I am always surprised at how little football fans seem to know about the rules of this sport. Every time there’s a contentious incident we have to explain the latest guidelines on interpreting the rules, whether it’s ‘ball to hand’ or whether someone who is offside is interfering with play. Juventus, however, have no excuse and should be ashamed of themselves for their reaction to the Genoa draw.
Andreas Granqvist completely messed up his clearance and accidentally kicked the ball on to his own arm. His arm was raised, but only in the way it would be when sliding in to make a last-ditch interception. He did not move his arm towards the ball, which ricocheted up from point-blank range off his leg. It was the very definition of an involuntary gesture. As such, it is not a penalty.
I refer you to the rules set out by FIFA.
“Handling the ball involves a deliberate act of a player making contact with the ball with his hand or arm. The referee must take the following into consideration:
- The movement of the hand towards the ball (not the ball towards the hand)
- The distance between the opponent and the ball (unexpected ball)
- The position of the hand does not necessarily mean that there is an infringement”
What’s more, pre-season the referees in Italy have a get-together to go over the latest guidelines on interpreting the rules. This included handling offences, advising that if the ball ricocheted off a part of the body and on to the arm, it could not be considered deliberate. These guidelines were then taken around the various Serie A and B clubs so that they could be explained with video examples. Juventus and Conte will therefore know that these are the rules. Their hysterical reaction to that incident is completely disproportionate.
General manager Beppe Marotta then made the situation 100 times worse by suggesting referee Marco Guida didn’t give the penalty “because he is from Naples.” It’s on a par with Catania President Antonino Pulvirenti claiming the linesman had a Juventus symbol on his Facebook page after the Elefantini were denied a goal. Remember that? Recall how much the Bianconeri fans bleated that it was a pathetic approach to an honest mistake? Well, you’ve just fallen below that level. Congratulations.
The worst part of all this is, Juventus do have reason to complain. Mirko Vucinic was blatantly pulled back by his shirt in the penalty area when trying to get on the end of a cross. That should’ve been a penalty. Focusing obsessively on an incident that was open to interpretation is just making them look ridiculous and distracting from a genuine error.

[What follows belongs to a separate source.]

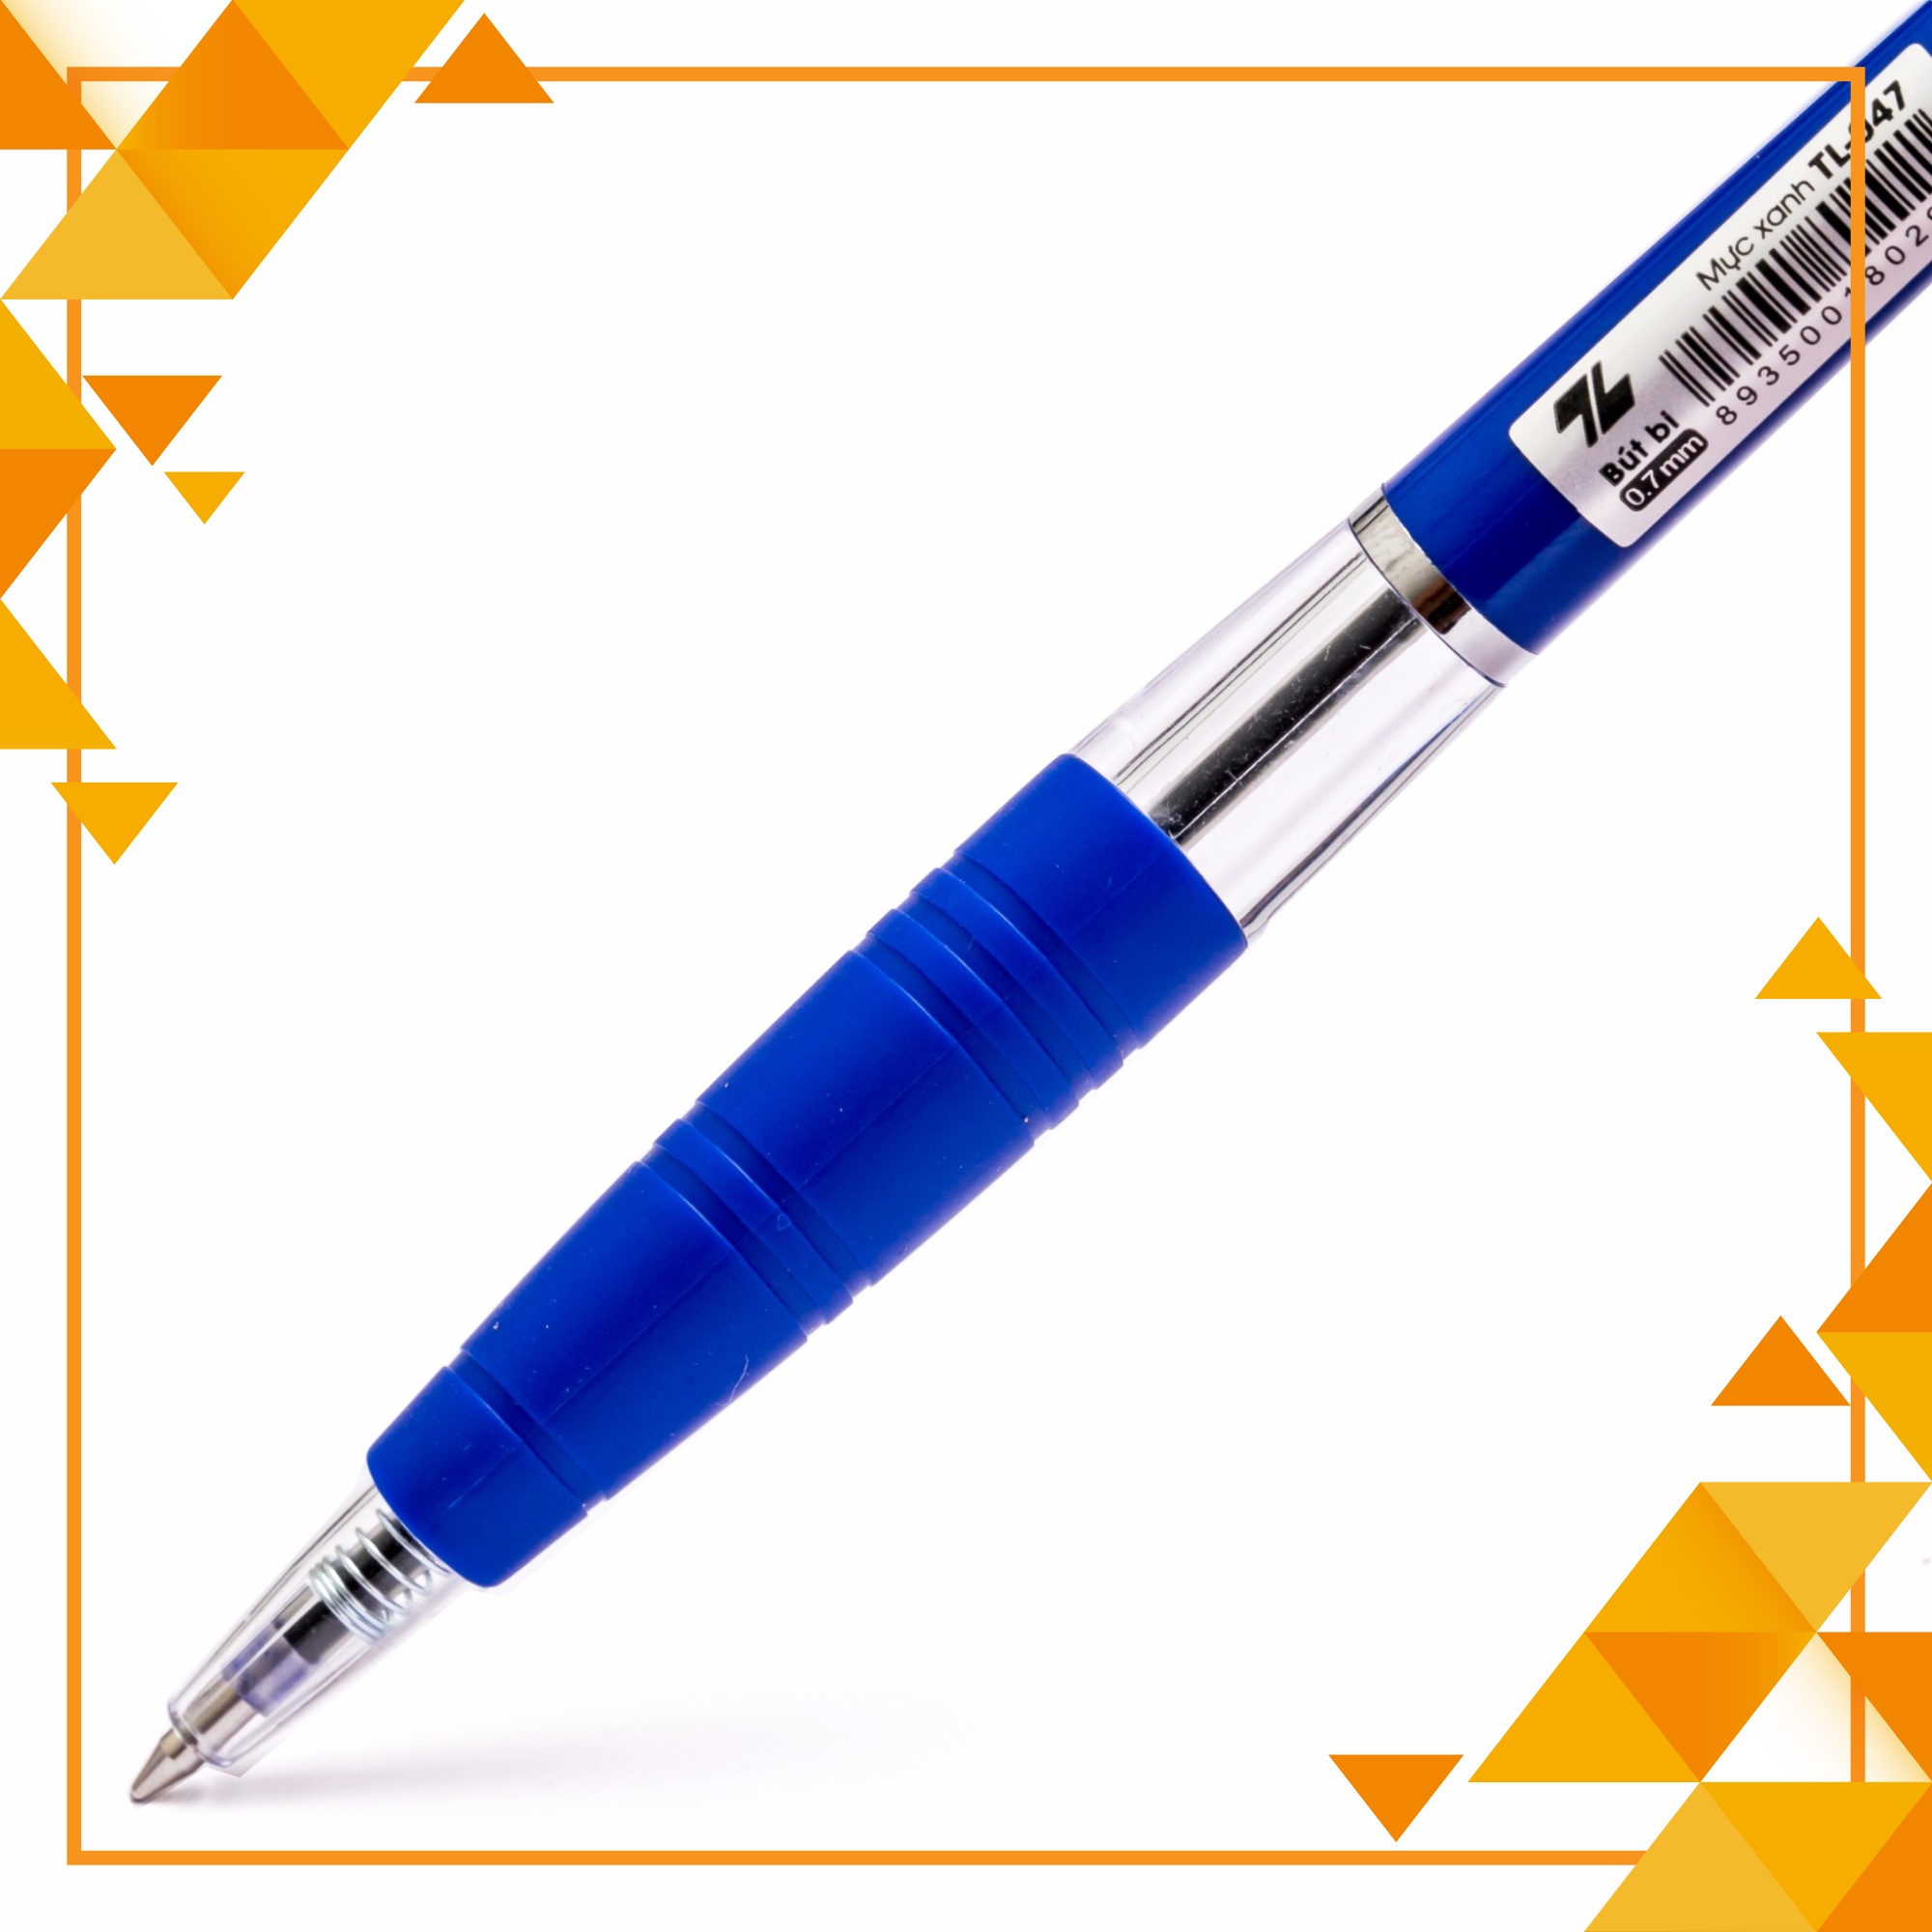 Bút bi TL 047 dạng bấm khế, có grip giúp êm tay và giảm trơn tuột khi viết thường phù hợp cho sinh viên, giới văn phòng (1 CÂY).

Conte claimed Guida told him he “didn’t feel ready” to award the penalty deep into stoppages. This phrase is also open to interpretation. He didn’t feel ready because he wasn’t sure. He was not sure because there was a clear ricochet off the leg and the handball was not deliberate. Similarly, the assistants are there to advise the referee, but he ultimately has the final word. Why must Italians always leap to a conspiracy theory when logical explanations are right there? Juventus of all people ought to know the dangers of that game.